Chinese AI company Kling AI has introduced "Video O1." According to the company, this is the "world's first unified multimodal video model," a system designed to handle both video generation and editing tasks within a single framework.
According to Kling AI, Video O1 integrates several tasks that previously required separate tools. The model can generate videos ranging from three to 10 seconds using prompts or reference images, but it also edits existing footage, like swapping protagonists, changing the weather, or adjusting styles and colors. Video O1 handles these requests in a single prompt, letting users add a subject, modify the background, and change the visual style simultaneously.
Processing multiple inputs simultaneously
The model processes different types of input at the same time, interpreting up to seven images, videos, subjects, and text strings as prompts. Users can edit videos with text commands like "remove passersby" or "change daylight to twilight" without needing manual masking or keyframes.

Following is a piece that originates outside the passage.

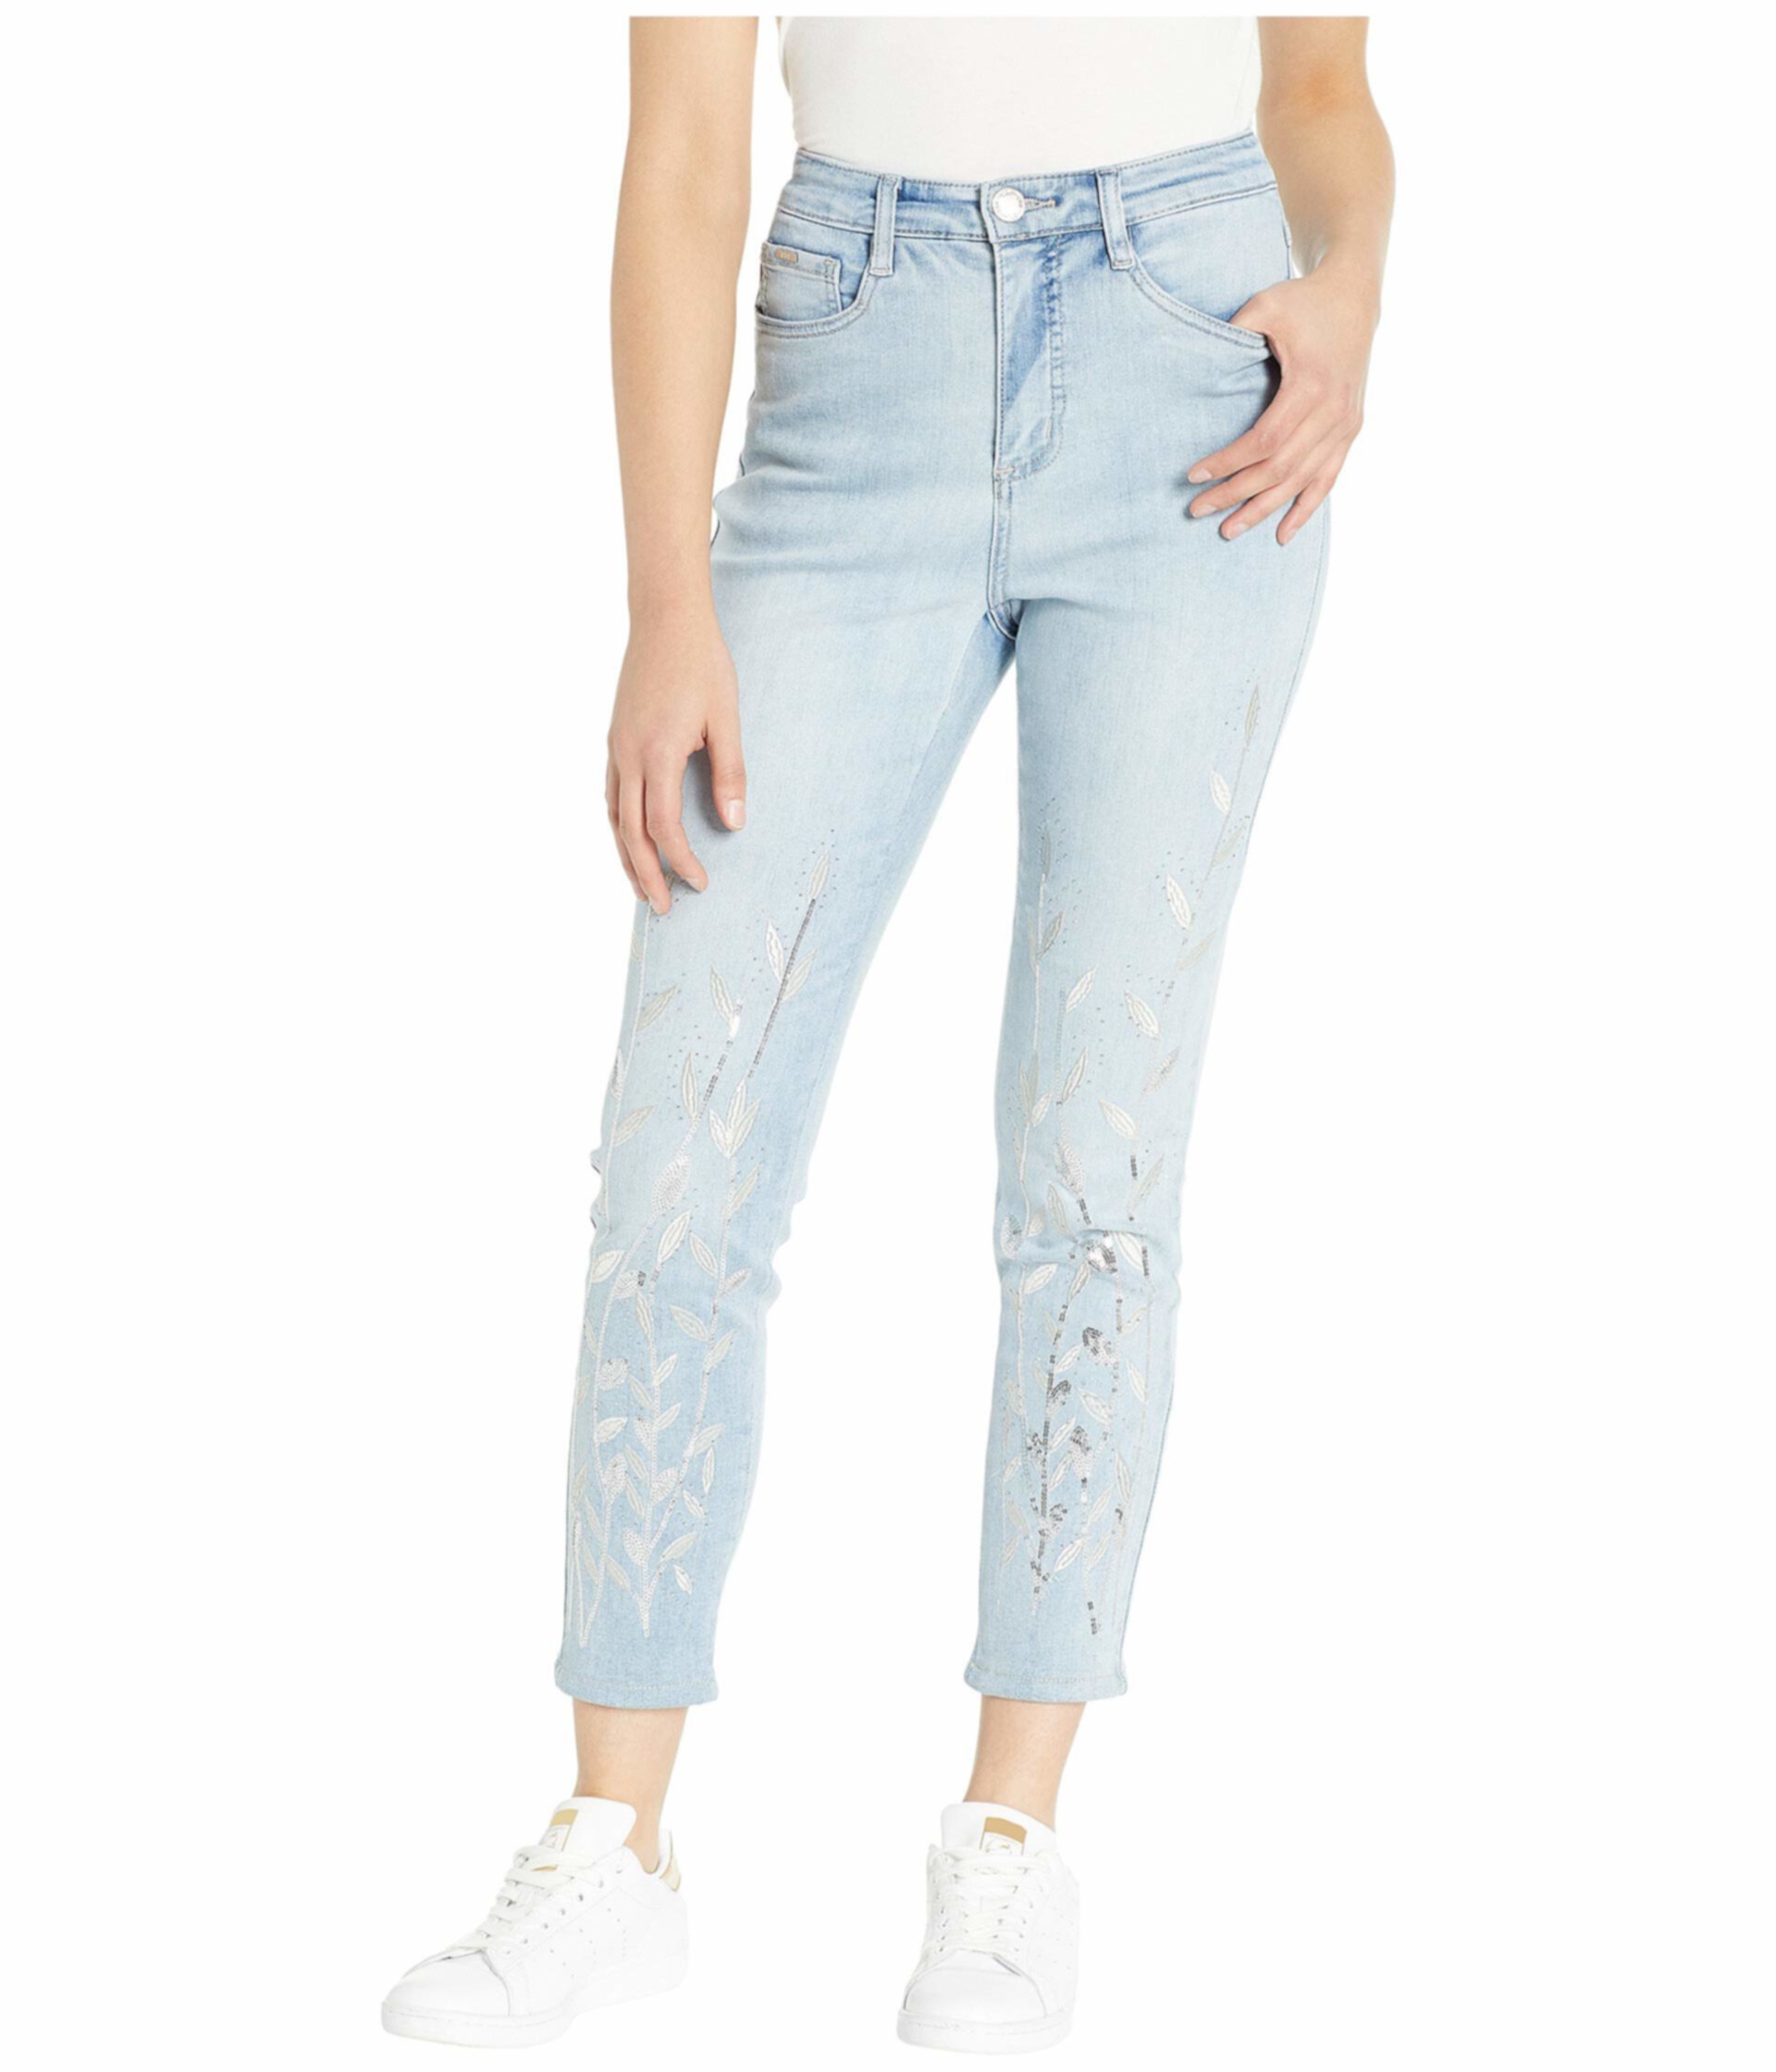 Узкая вышивка на лодыжке с блестками и блестками Suzanne FDJ French Dressing Jeans

Users can upload characters, props, or scenes, which the system then uses in different contexts. Actions or camera movements can also serve as references. Kling says the system understands the input data well enough to keep subjects, people, or products consistent across different shots.
Video O1 relies on a multimodal transformer architecture, though the company hasn't shared many details. Kling introduced a "Multimodal Visual Language" (MVL) to act as an interactive bridge between text and multimodal signals. The model uses reasoning chains to deduce events, enabling intelligent video generation that moves beyond simple pattern reconstruction, echoing the kind of language Google used to describe its own recent advancements with Nano Banana Pro.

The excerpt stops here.